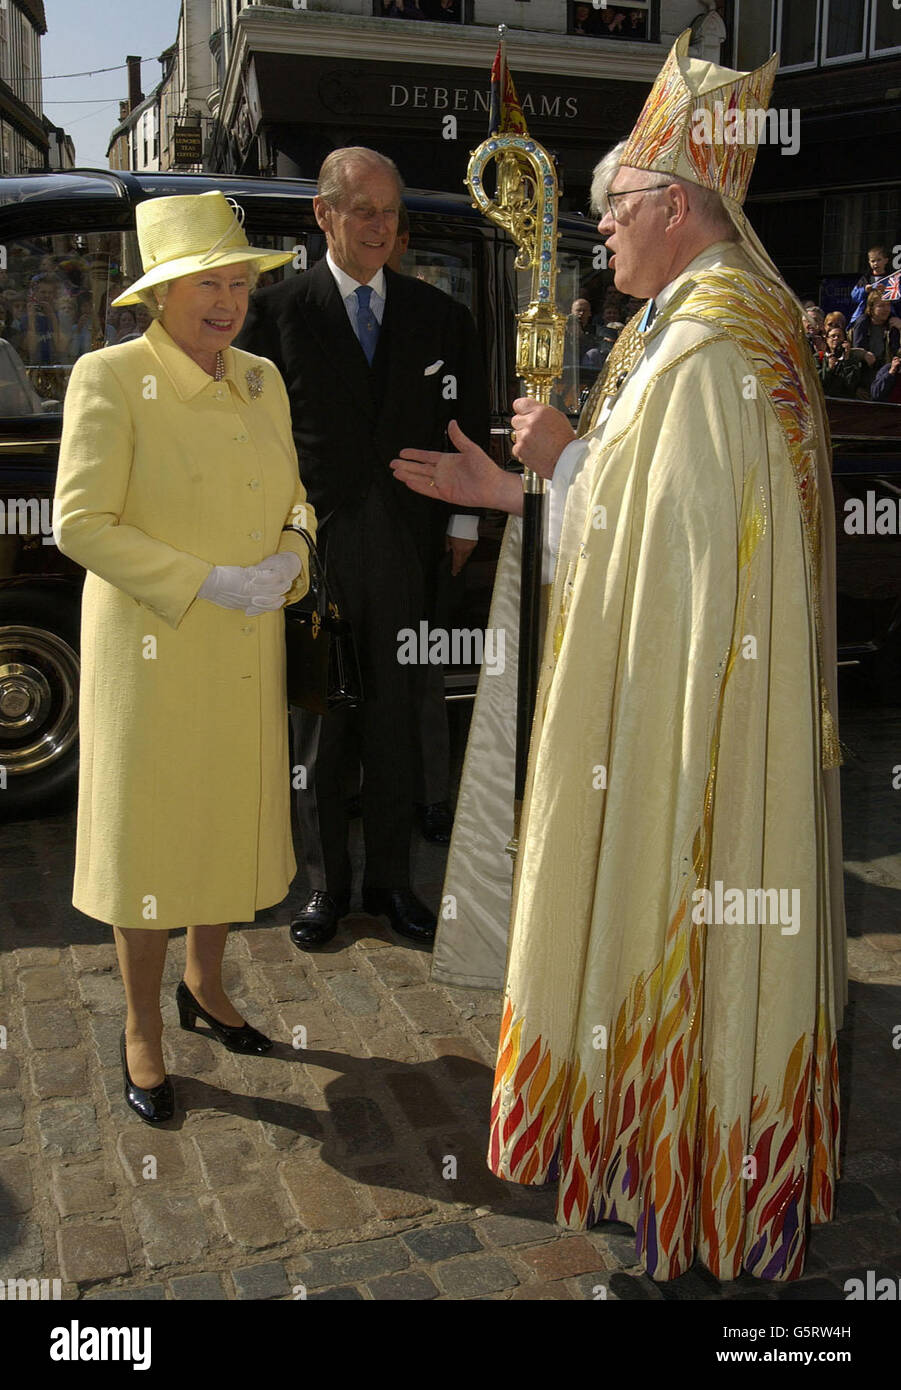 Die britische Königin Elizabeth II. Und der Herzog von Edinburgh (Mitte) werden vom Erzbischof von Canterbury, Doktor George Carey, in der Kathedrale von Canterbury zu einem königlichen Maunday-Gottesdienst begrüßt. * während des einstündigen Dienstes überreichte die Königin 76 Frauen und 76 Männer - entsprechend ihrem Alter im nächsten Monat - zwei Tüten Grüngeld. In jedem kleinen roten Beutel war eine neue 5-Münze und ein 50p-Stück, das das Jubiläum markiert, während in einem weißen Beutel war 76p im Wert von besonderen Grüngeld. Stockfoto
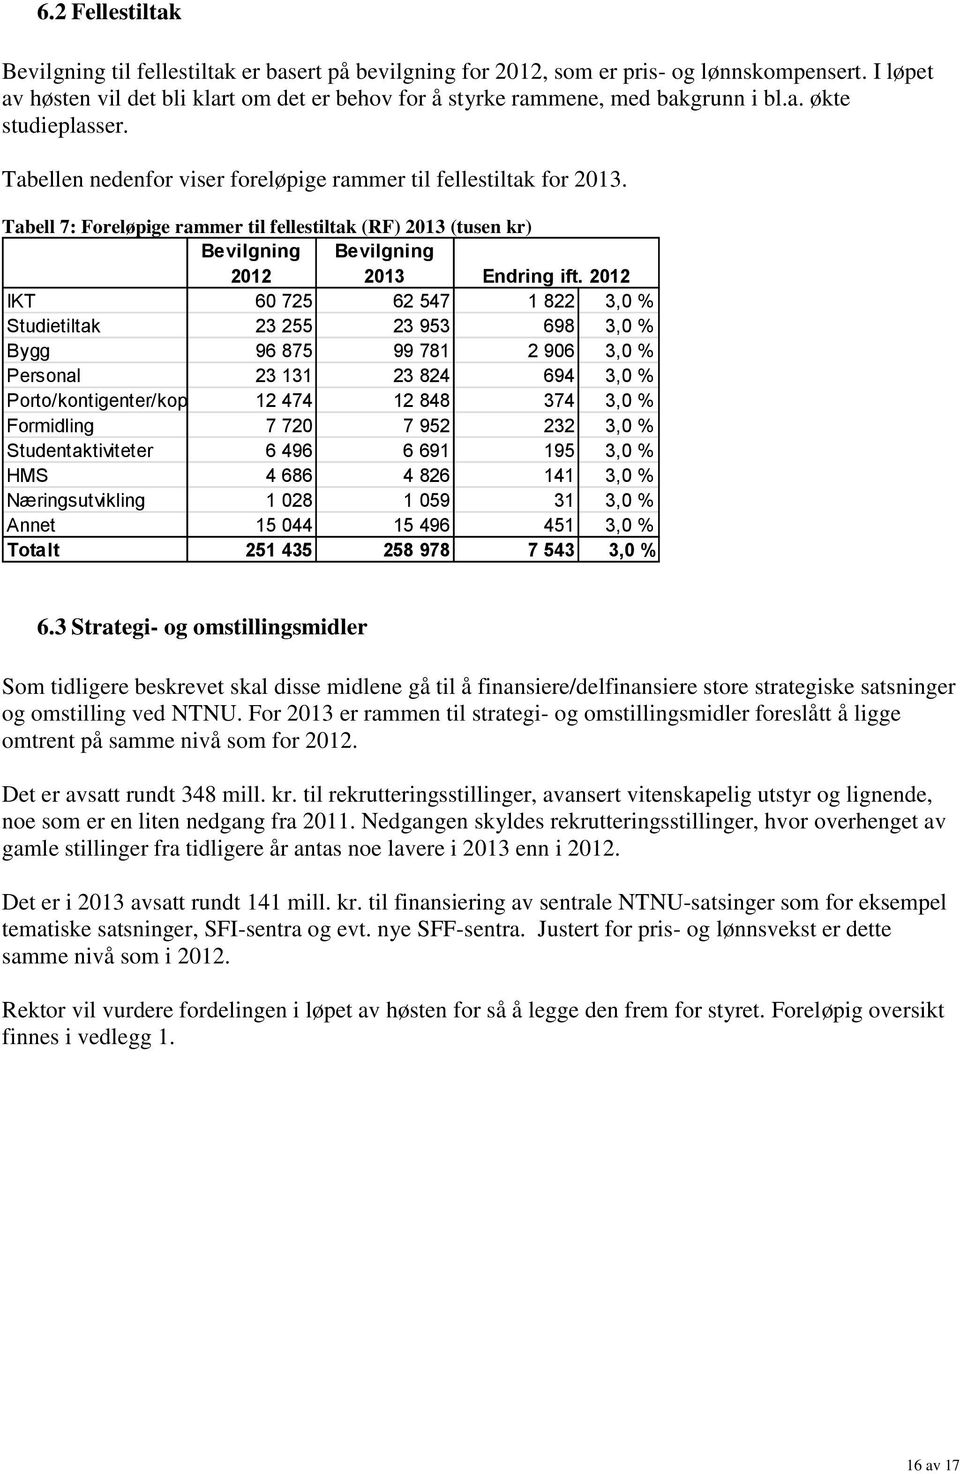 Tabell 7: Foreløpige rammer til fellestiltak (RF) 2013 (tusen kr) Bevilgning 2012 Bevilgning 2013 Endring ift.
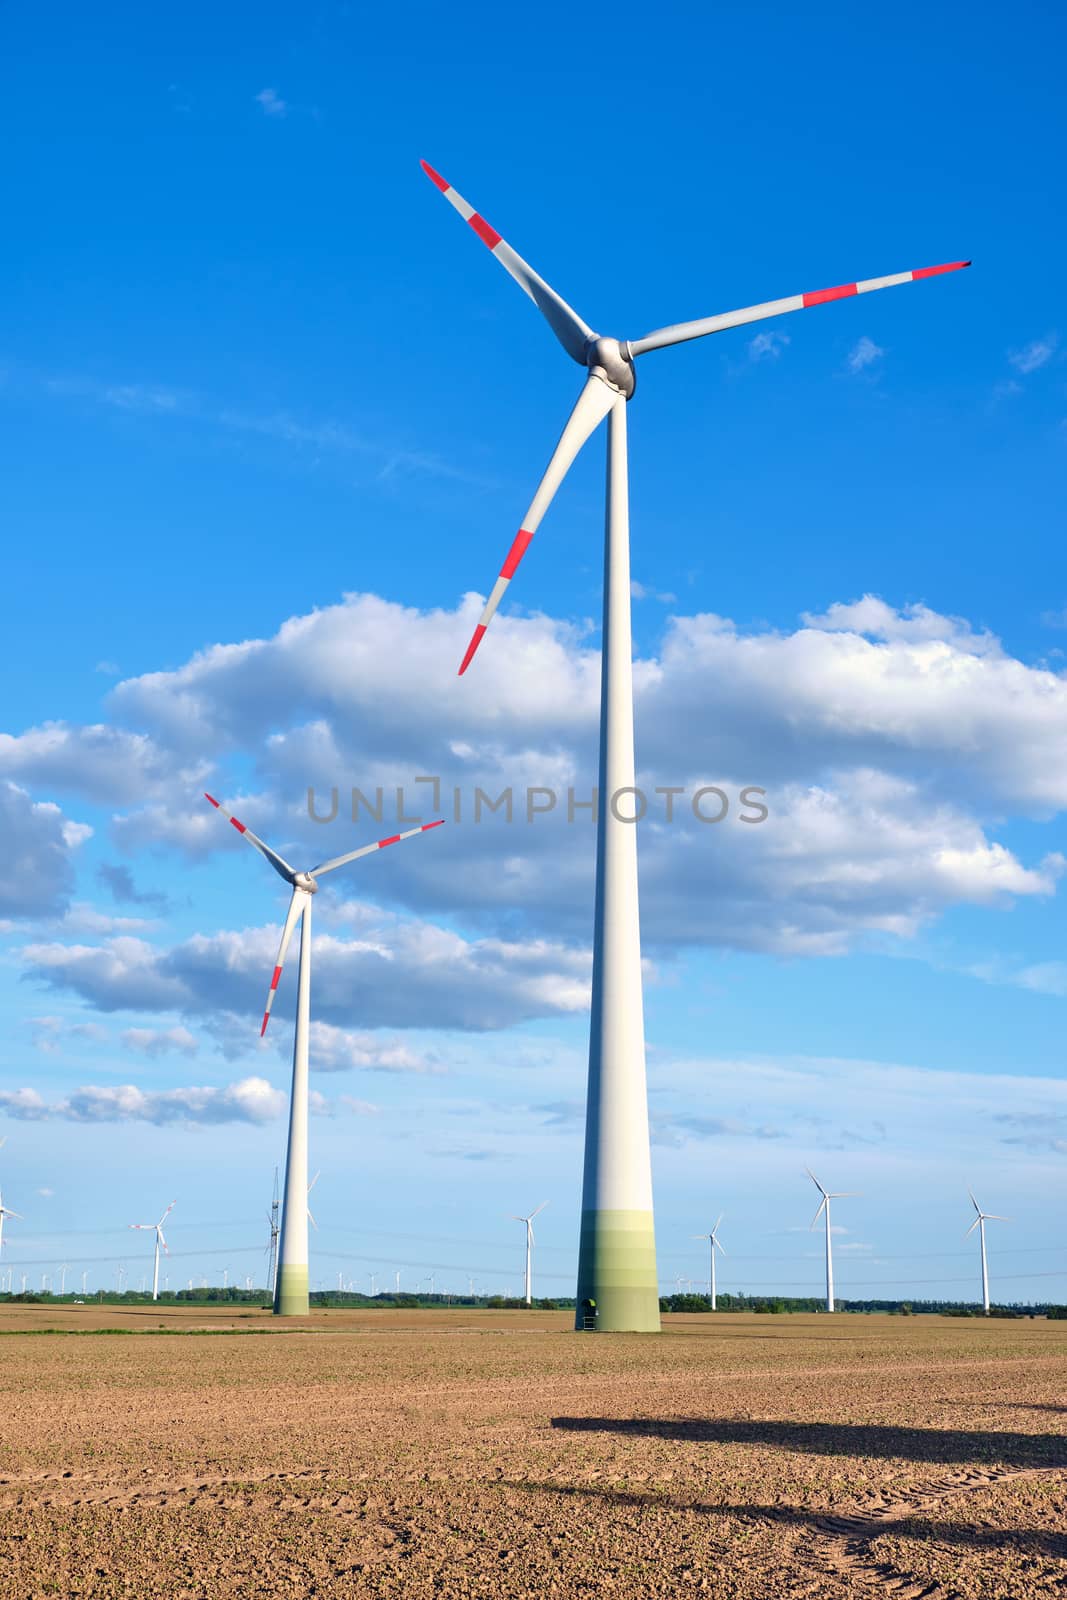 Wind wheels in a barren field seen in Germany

WHAT IS BEING ASKED: The images are to be left out; every line above should be set down exactly.

RESULT:
 Die britische Königin Elizabeth II. Und der Herzog von Edinburgh (Mitte) werden vom Erzbischof von Canterbury, Doktor George Carey, in der Kathedrale von Canterbury zu einem königlichen Maunday-Gottesdienst begrüßt. * während des einstündigen Dienstes überreichte die Königin 76 Frauen und 76 Männer - entsprechend ihrem Alter im nächsten Monat - zwei Tüten Grüngeld. In jedem kleinen roten Beutel war eine neue 5-Münze und ein 50p-Stück, das das Jubiläum markiert, während in einem weißen Beutel war 76p im Wert von besonderen Grüngeld. Stockfoto
 Tabell 7: Foreløpige rammer til fellestiltak (RF) 2013 (tusen kr) Bevilgning 2012 Bevilgning 2013 Endring ift.
 Wind wheels in a barren field seen in Germany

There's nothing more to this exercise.